Additionally, as part of its ongoing corporate strategy and unrelated to the COVID-19 pandemic, the Company has amended its existing US$150 million credit Facilities (as further defined below). Benefits of the amendment include the reduction in the Company’s overall cost of borrowing and  deferral of scheduled principal payments for two years, now commencing March 2022.

Commenting on the corporate update, David Strang, President and CEO, stated, “We, as an industry, are operating in unprecedented and challenging times.

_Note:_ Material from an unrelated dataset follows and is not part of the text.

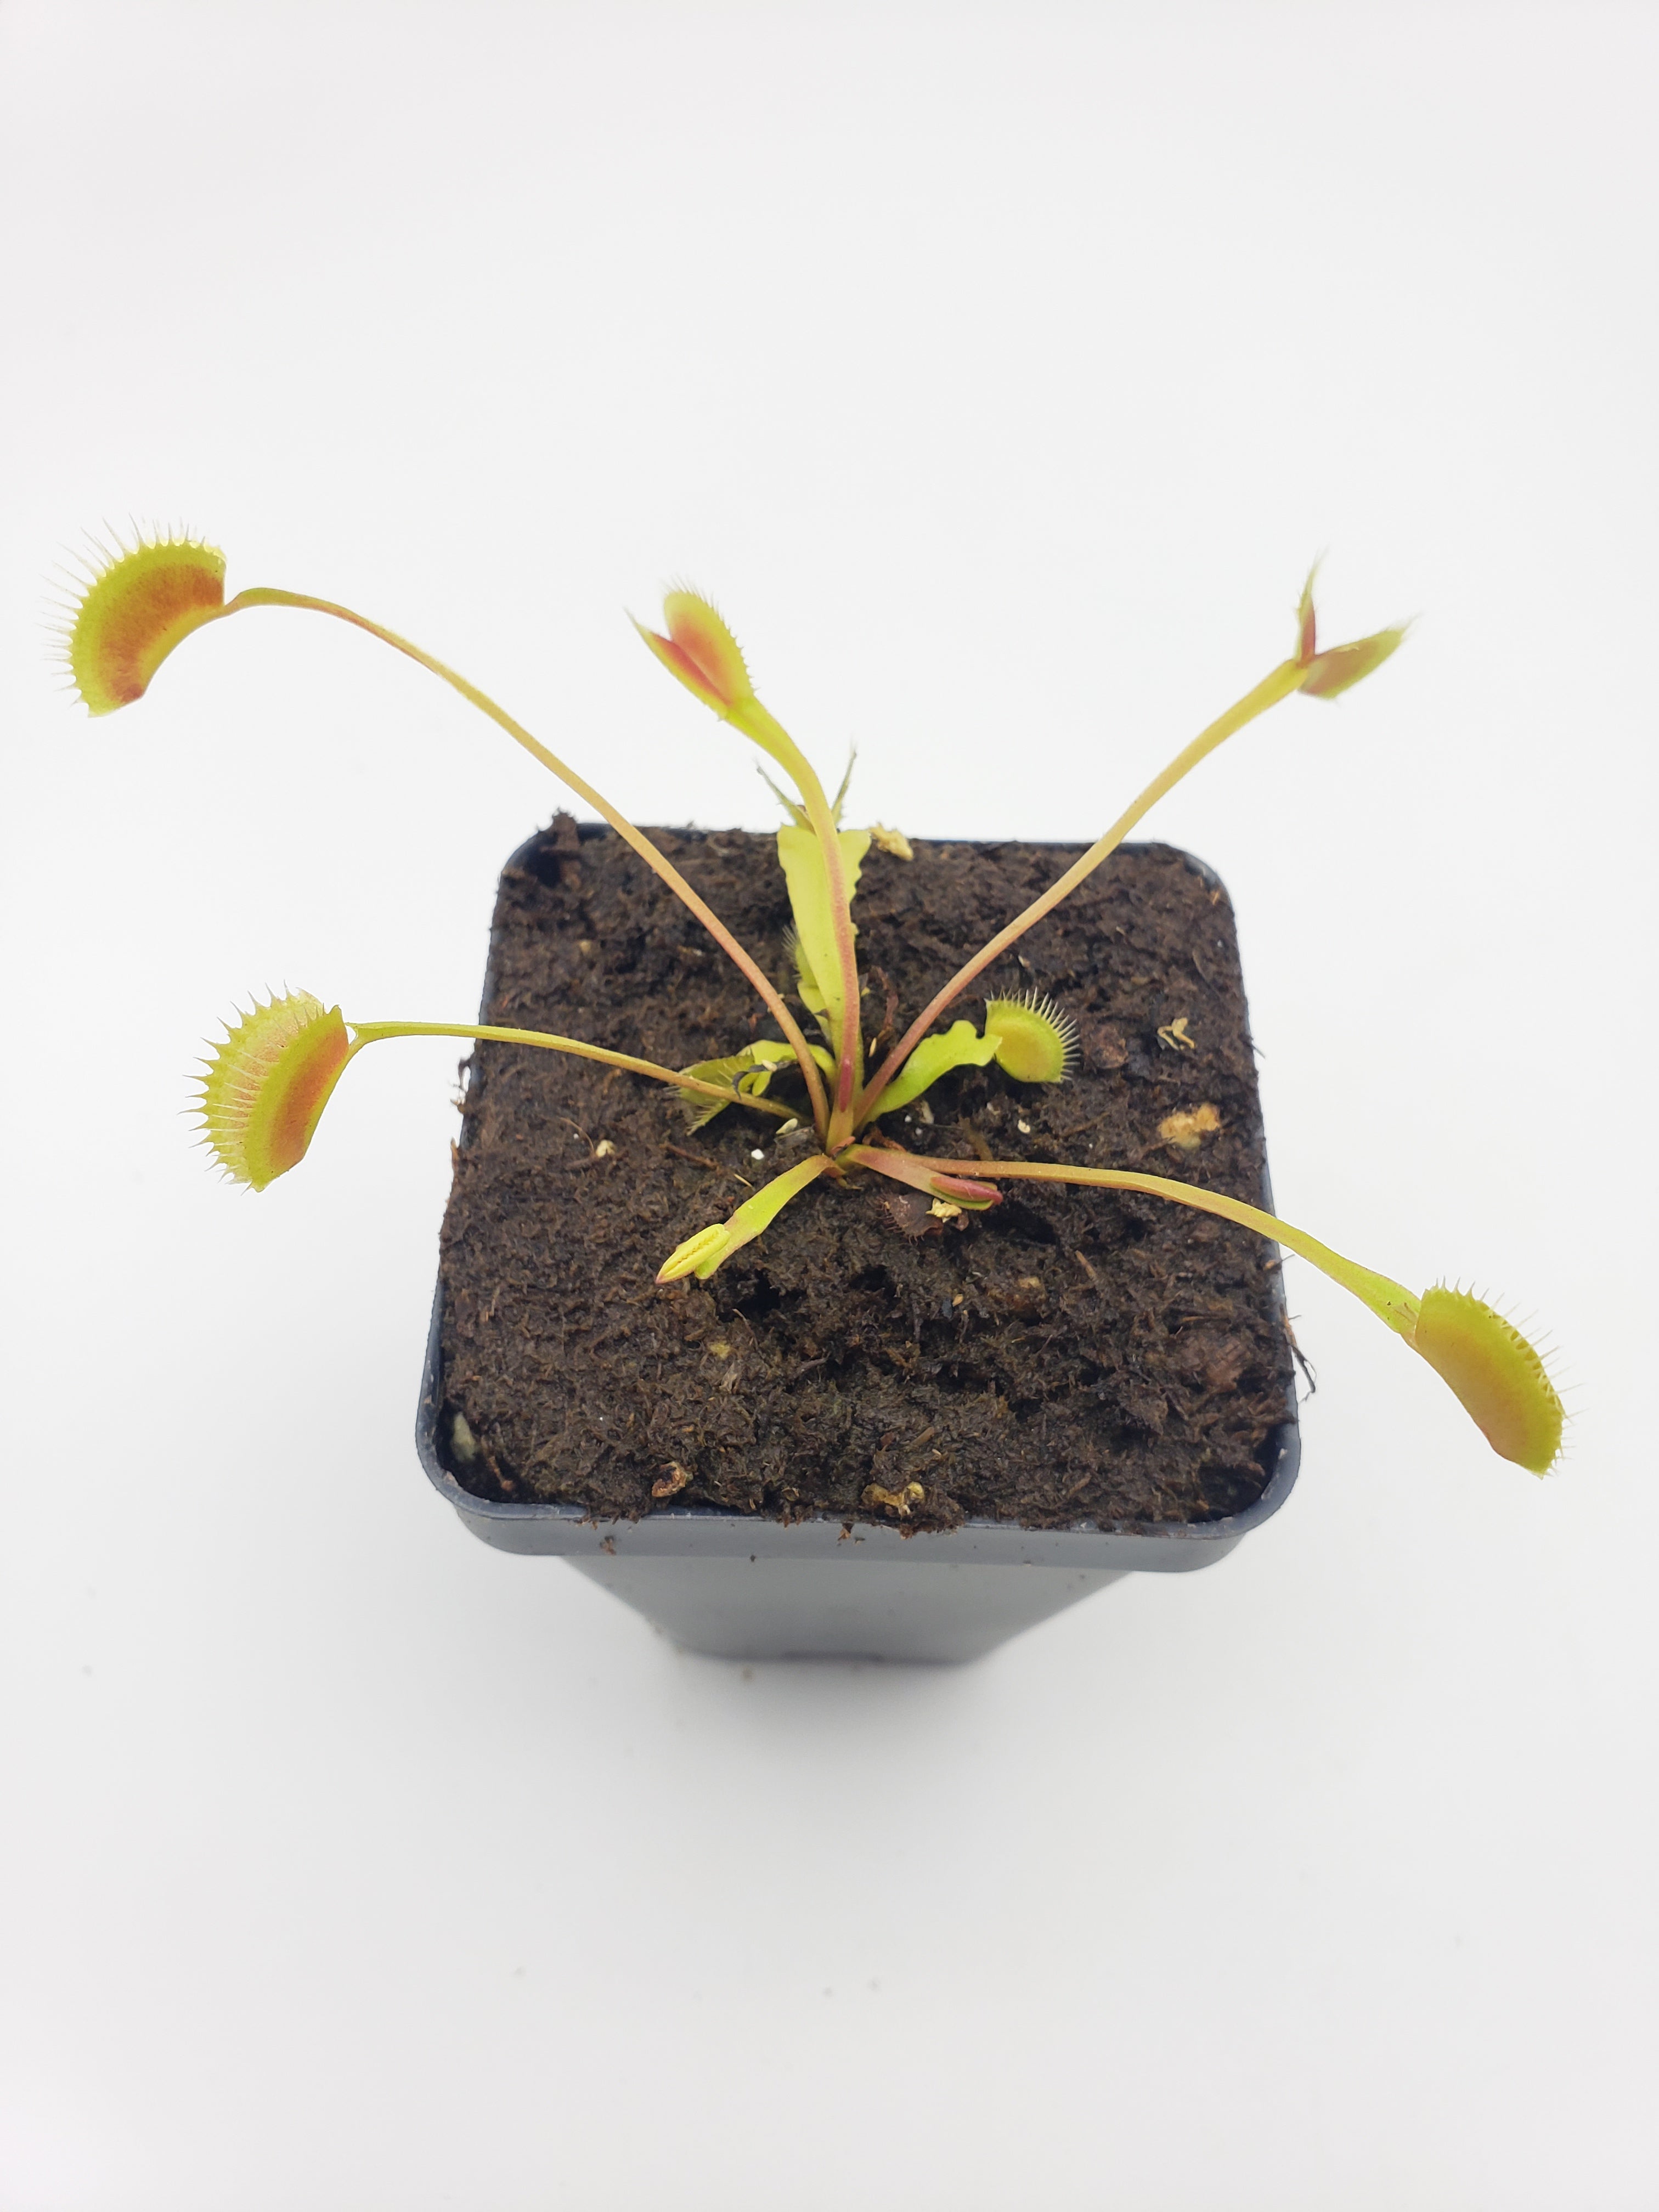 Venus flytrap (Dionaea muscipula) 'La Grosse a Guigui' - Rainbow Carnivorous Plants LLC

While the Company remains well positioned and fully funded at the prevailing copper price and foreign exchange rate, we recognize the continued uncertainty with respect to the COVID-19 pandemic and have several contingency plans in place to continue to manage our business under a variety of scenarios.

We have taken extraordinary measures to mitigate the possible impacts of COVID-19 on our workforce, the Company and our operations. Some of the measures that have been implemented since late February include:

  1. eliminated all non-essential travel to and from our mining operations;
  2. weekly engagement with all suppliers and active stockpiling of key consumables to protect against any supply chain disruptions;
  3. reduced human interaction throughout the organization as much as possible by closing administrative offices and moving to a work-from-home format, increasing social distancing by limiting the number of employees travelling on provided buses between our mining communities and our mines, limiting the number of employees in the cafeteria at any given time, cancelling all group meetings, eliminating line-out meetings and encouraging work-from-home and video/telephone conferencing where feasible;
  4. established COVID-19 committees with senior leadership and local health administrators for the regions in which we operate;
  5. ordered 3,000 COVID-19 testing kits for our operations and will be donating a portion of these test kits, as well as other personal protective equipment, to our local municipalities to facilitate rapid testing throughout our communities if required; and,
  6. implemented wellness education, health screenings and self-isolation protocols along with enhanced sanitization throughout our operations.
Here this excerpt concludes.